I do not doubt that this is true -- China and India alone are pumping up the global middle class volume to an extraordinary extent. This is a good thing, and it augurs well for the future, if we can figure out how to ensure that the earth can sustainably support these upwardly mobile millions. The problem, however, is that ordinary people do not seem to be comforted by global economic progress or globally declining inequality. Localism always prevails. Working class voters in Ohio, for example, are unlikely to care that the world is getting richer, when in their own country, the concentration of wealth is progressively skewed towards the top end of the spectrum. For global inequality trends to make any kind of psychological difference to the psyche of those "in the west" a sense of a shared global identity is required. But we don't have that. We are riven by nationalist, cultural, and racial identity politics. We do not see ourselves as one world.

O'Neill lectures:

It is important for everyone in the so-called developed world to be constantly aware that these powerful shifts in global wealth are good not only for the developing world, but for them too. If you take a look at a chart of recent US export growth, you may well think you are looking at the wrong data series. But you are not. US exports are indeed growing at close to 20 per cent and it is this that is stopping the housing and credit crunch from driving the US into a deep recession. Aspects of the same phenomenon can be seen in Japan, Germany and even the UK.

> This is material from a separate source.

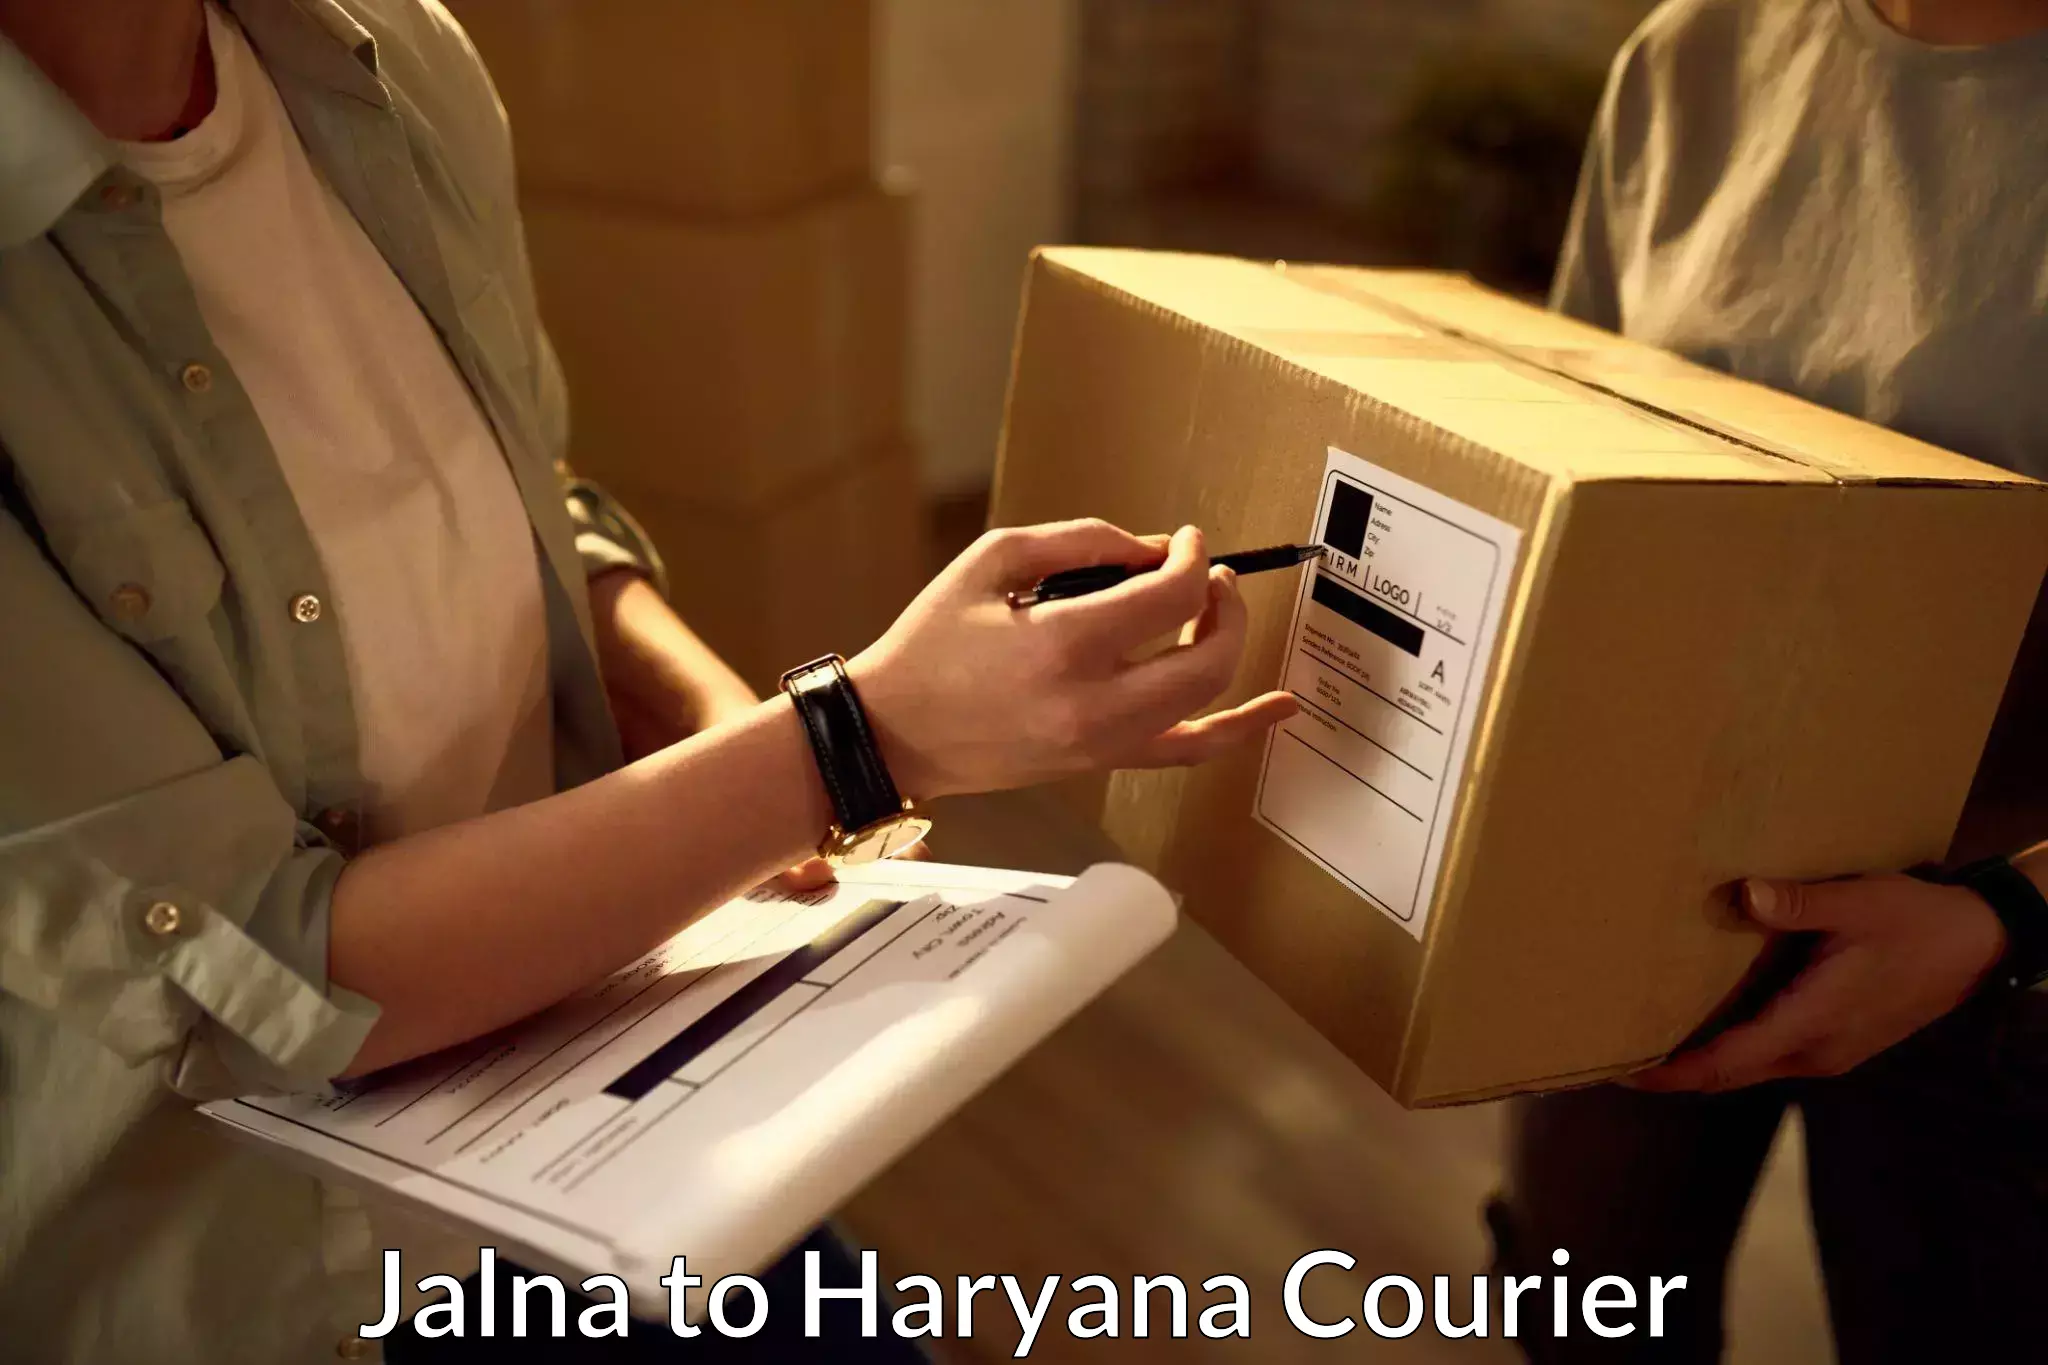 Customer-centric shipping in Jalna to Julana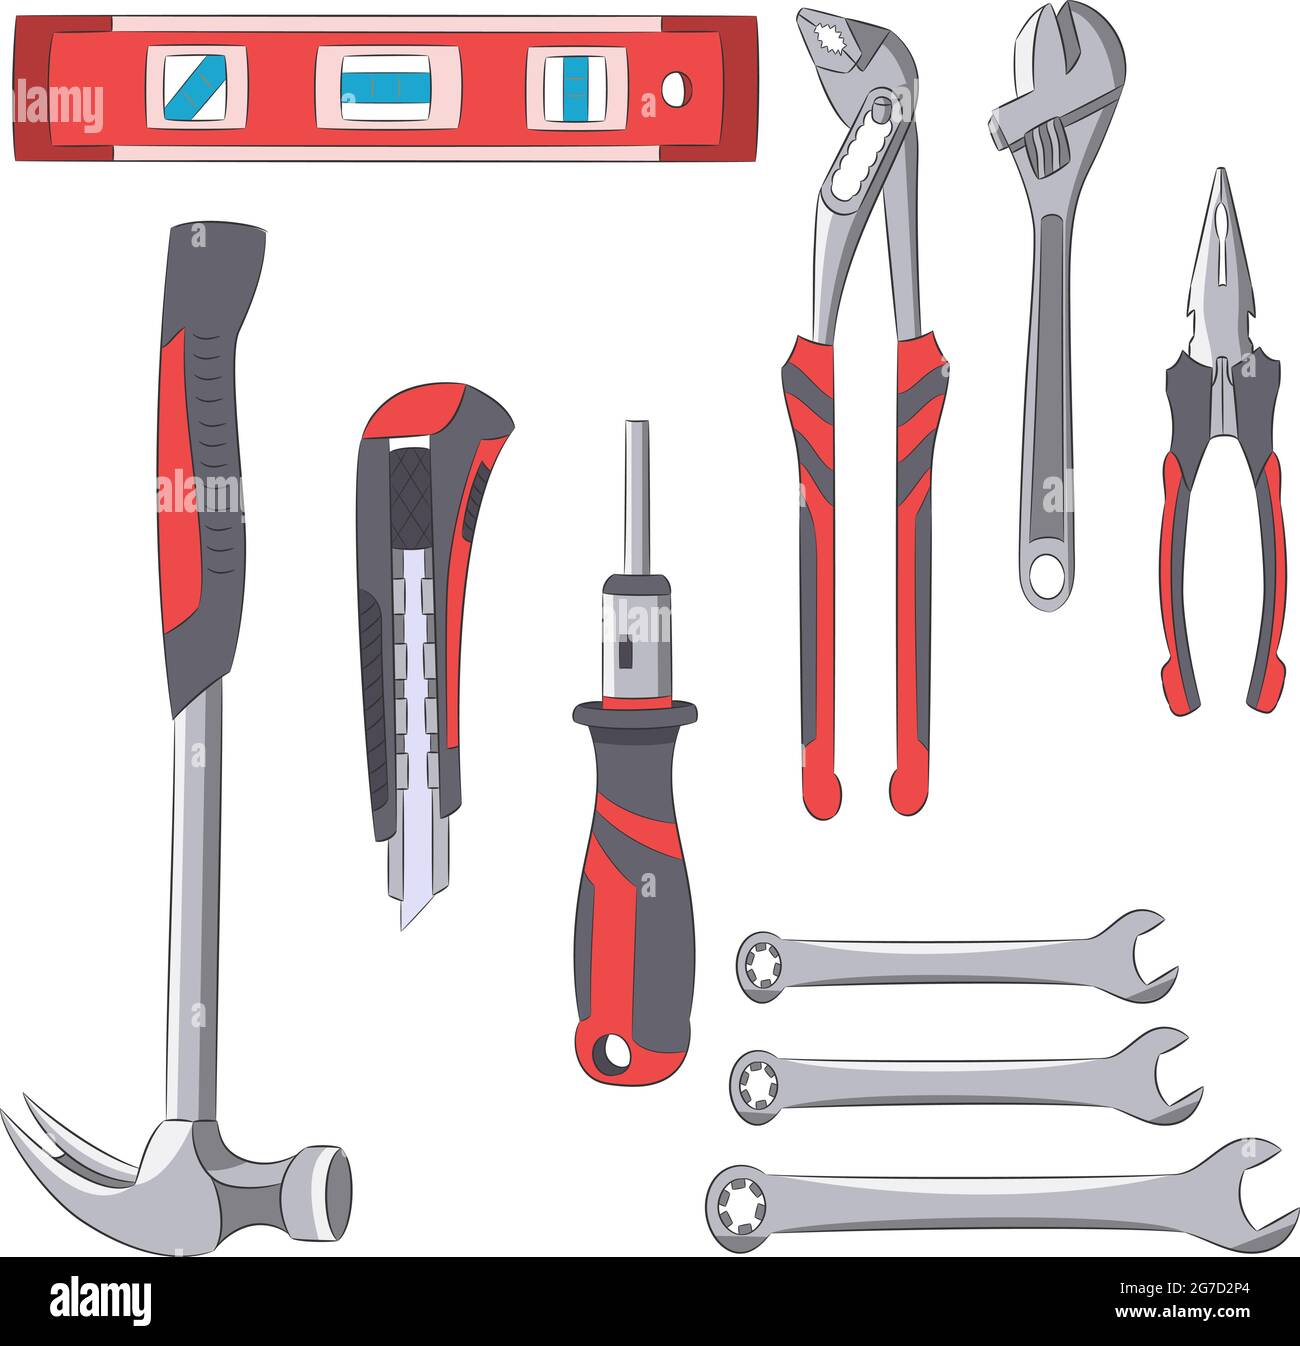 Una serie di utensili per lavori idraulici isolati su sfondo bianco. Illustrazione vettoriale. Illustrazione Vettoriale

Again, this is undoubtedly true, and again, it is unlikely to convince skeptics of "free trade" so long as the benefits of that increased trade are inequally distributed among the population. It is entirely possible for trade to boom and global income inequality to be fall, while within individual nations, inequality rises. And as long as that latter fact holds, O'Neill's remonstrations will fall on deaf ears.

Indeed, I would argue that it is important for everyone in the so-called developed world whose own income places them in the top one percent of the population -- a niche that I suspect Jim O'Neill belongs to -- to be constantly aware that while the burgeoning global middle class may be great for them, they may ultimately have to accept a little redistribution of their own income if they want other residents of "the west" to further support expanded trade and economic opportunity in the developing world.

How about it Jim? Why not, just for fun, a hike in the capital gains tax, the proceeds from which would be used to fund an expanded safety net for the Americans competing directly with the newly emergent middle classes of the world? Goldman-Sachs is going to do very, very well in a world that gets richer and richer. But if the company wants to inspire a sense of shared global solidarity, it may have to accept the responsibility to share some of the wealth.

By Andrew Leonard

Andrew Leonard is a staff writer at Salon. On Twitter, @koxinga21.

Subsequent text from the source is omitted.